Problem -
Images excepted, the data below must be repeated exactly.

Dataset content -

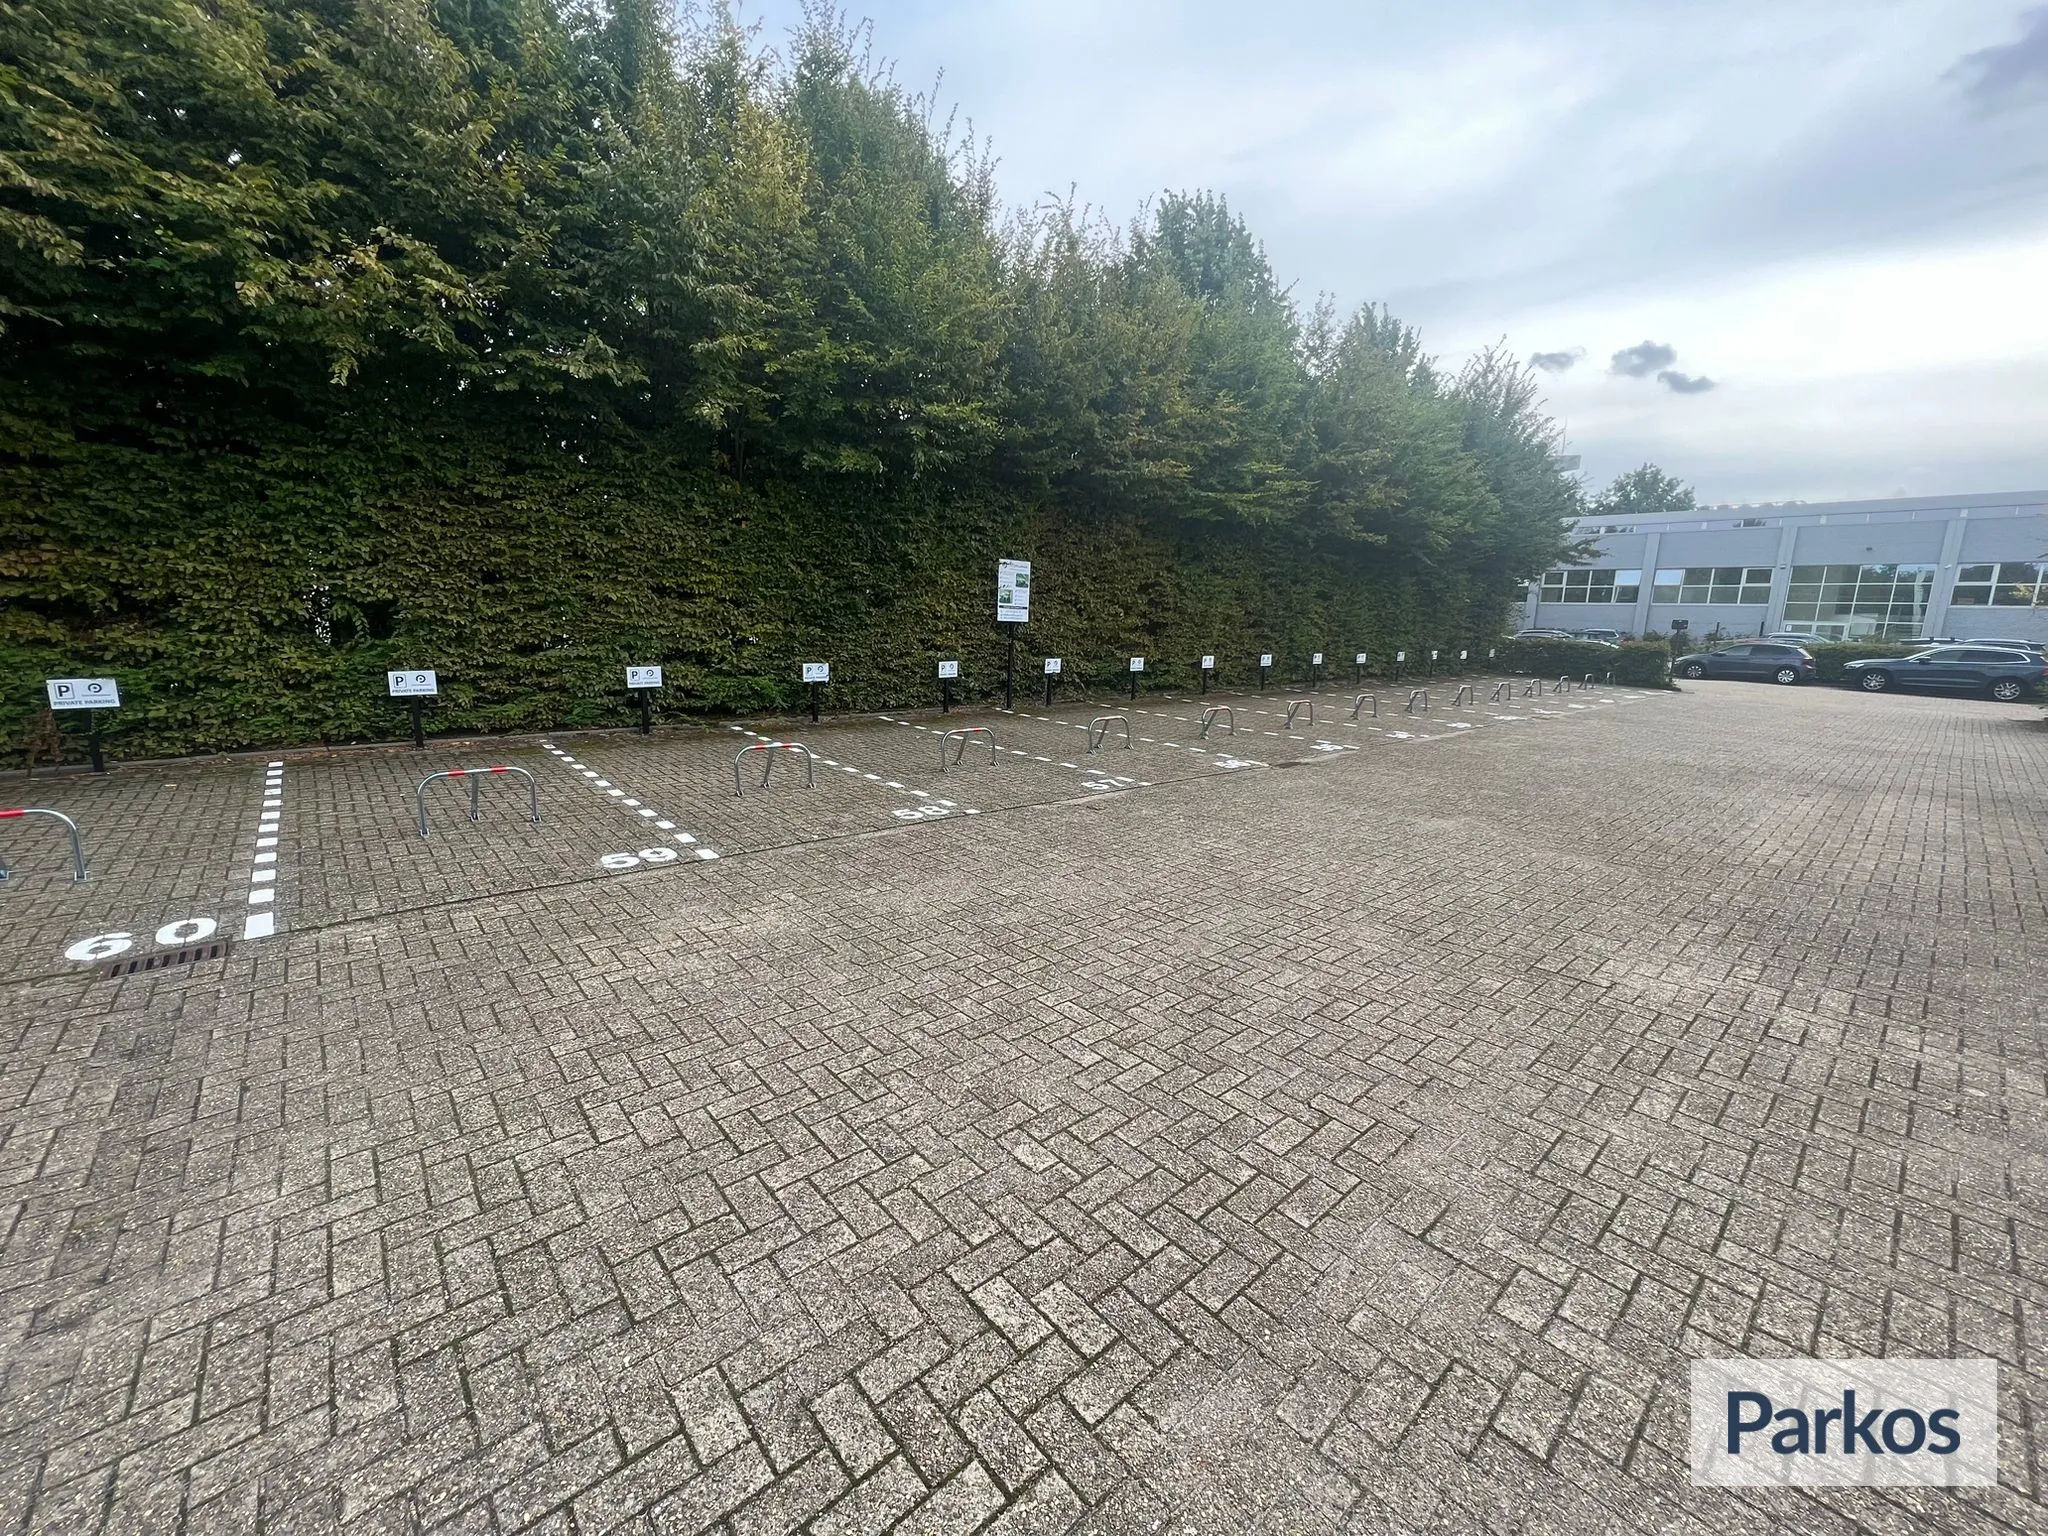 OM PARKING ZAVENTEM - Parking Zaventem - picture 1
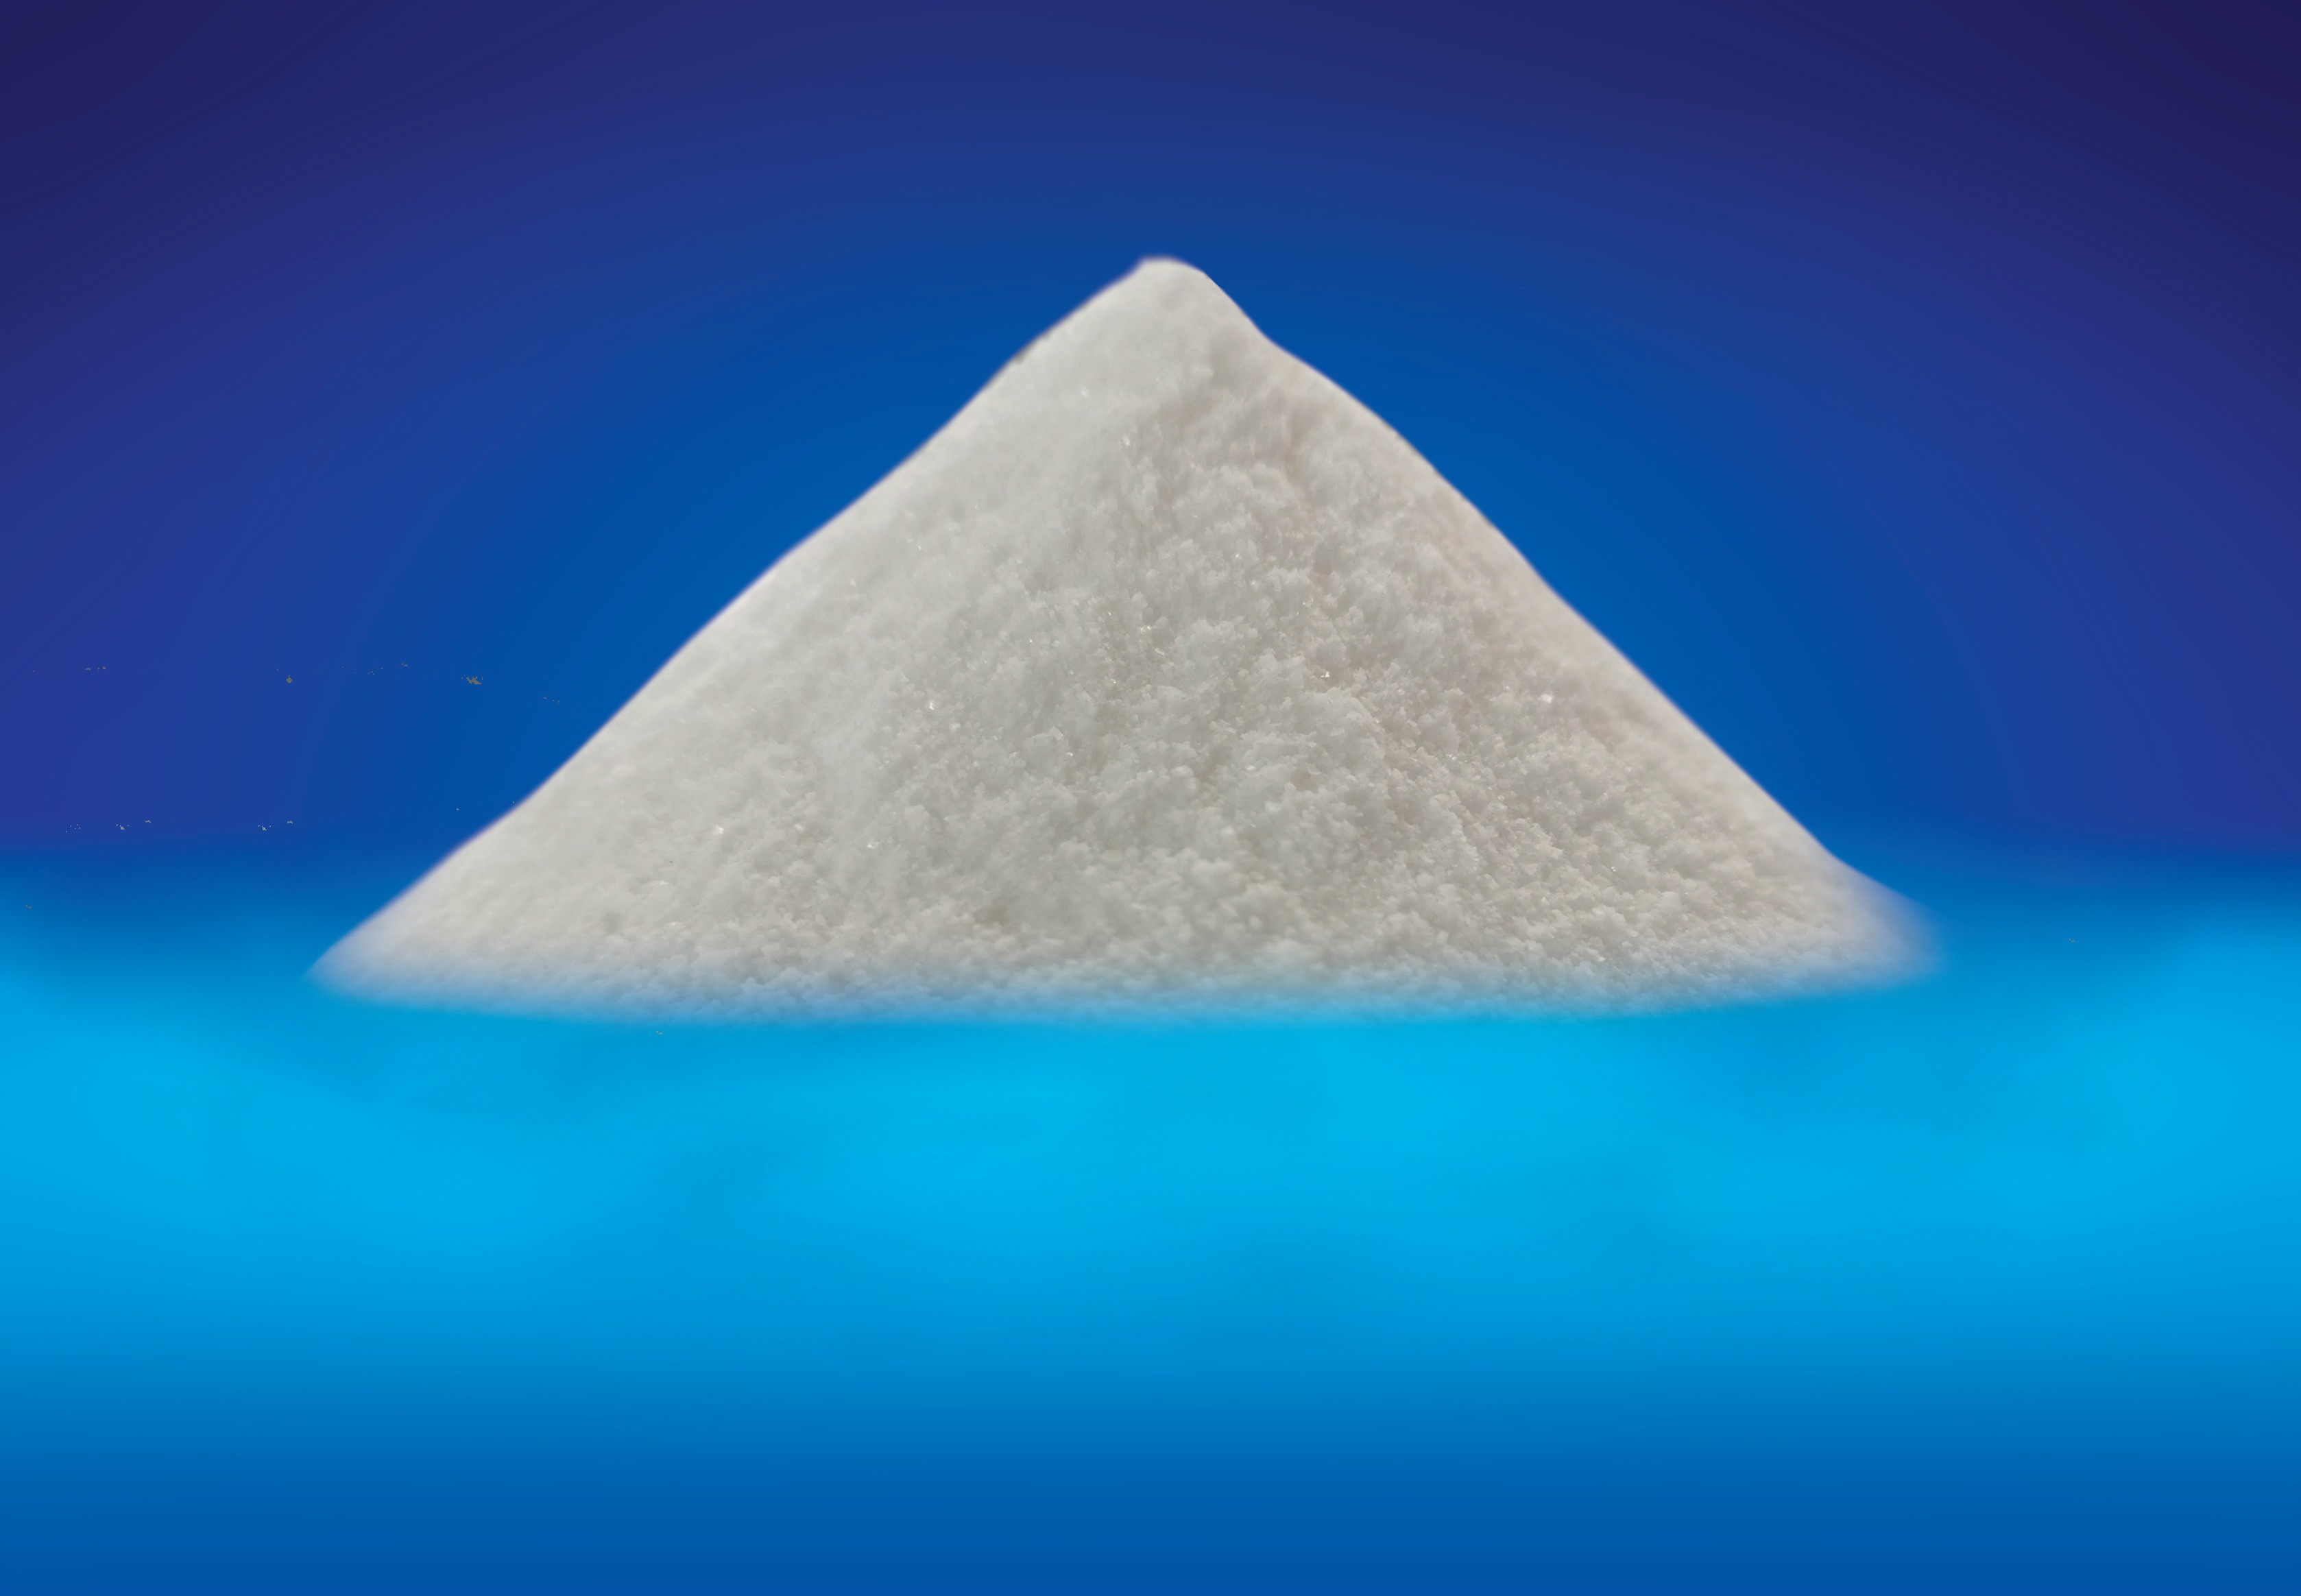 Sodium Bicarbonate White Crystalline Powder Animal Feed Additive
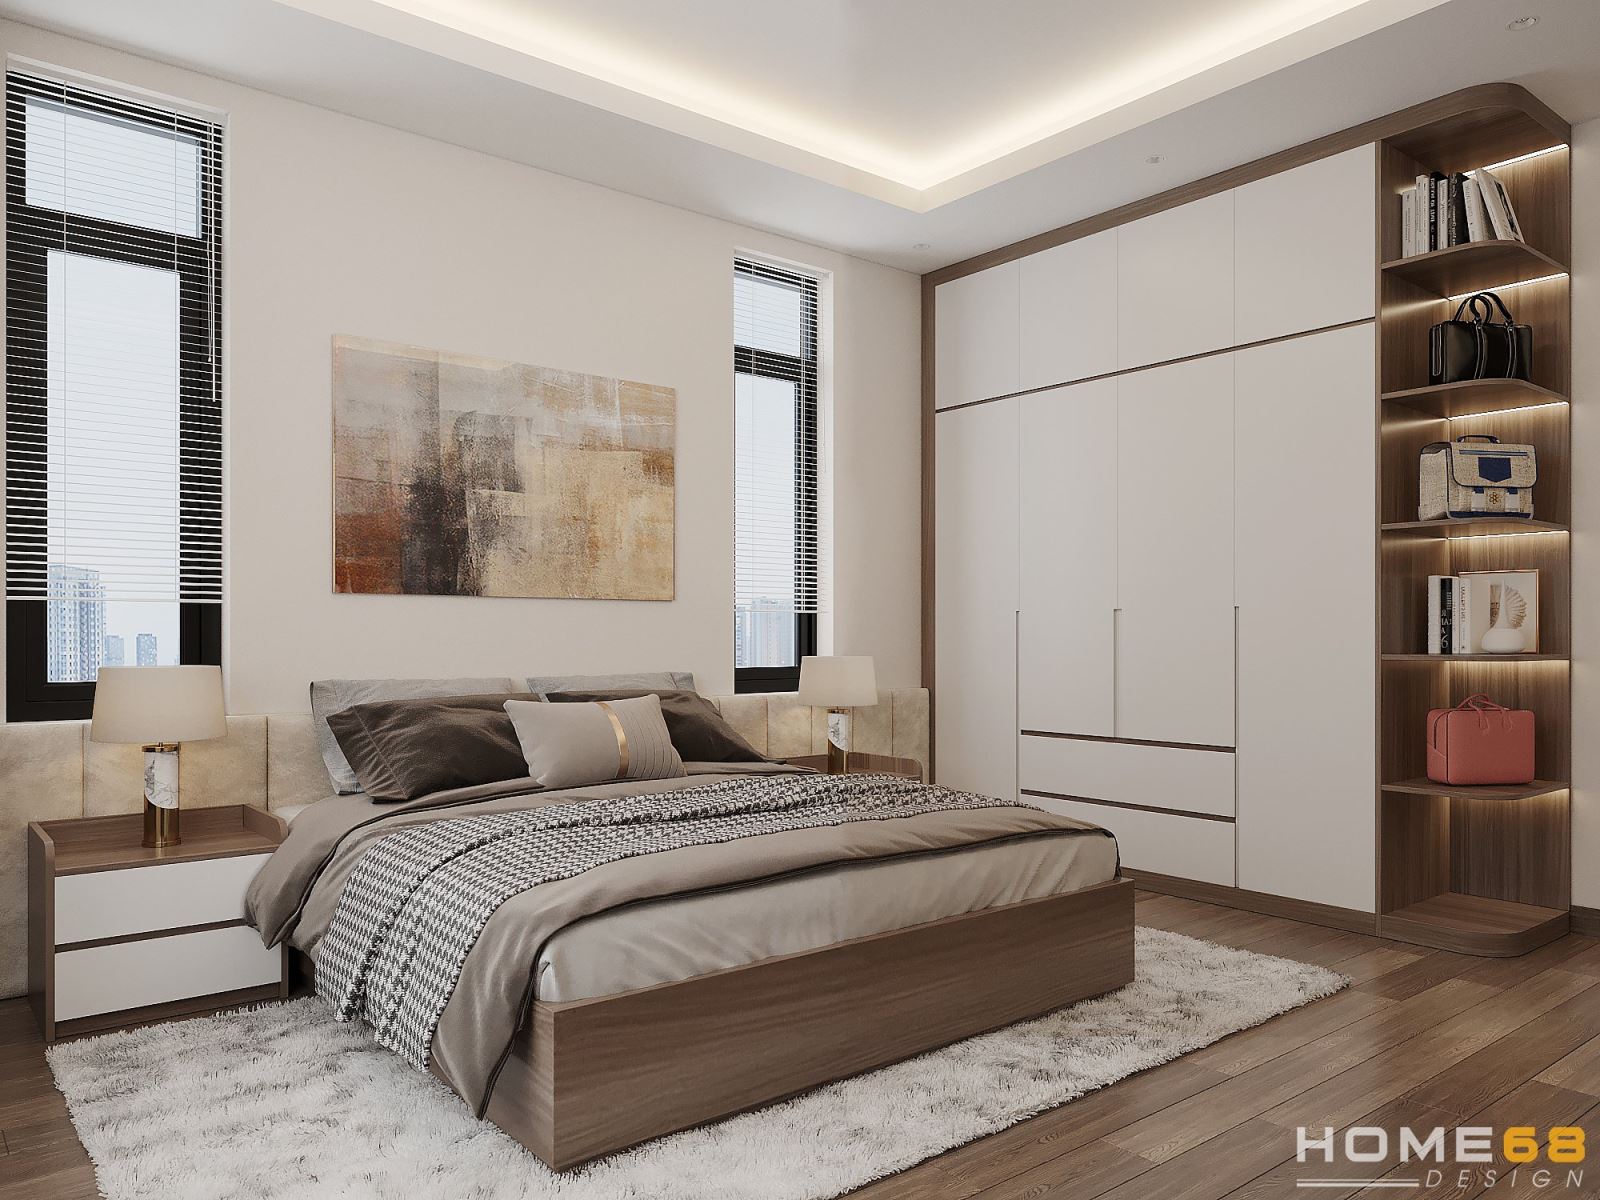 HOME68 thiết kế nội thất phòng ngủ master hiện đại, đẳng cấp

Answer section -
 OM PARKING ZAVENTEM - Parking Zaventem - picture 1
 Sodium Bicarbonate White Crystalline Powder Animal Feed Additive
 HOME68 thiết kế nội thất phòng ngủ master hiện đại, đẳng cấp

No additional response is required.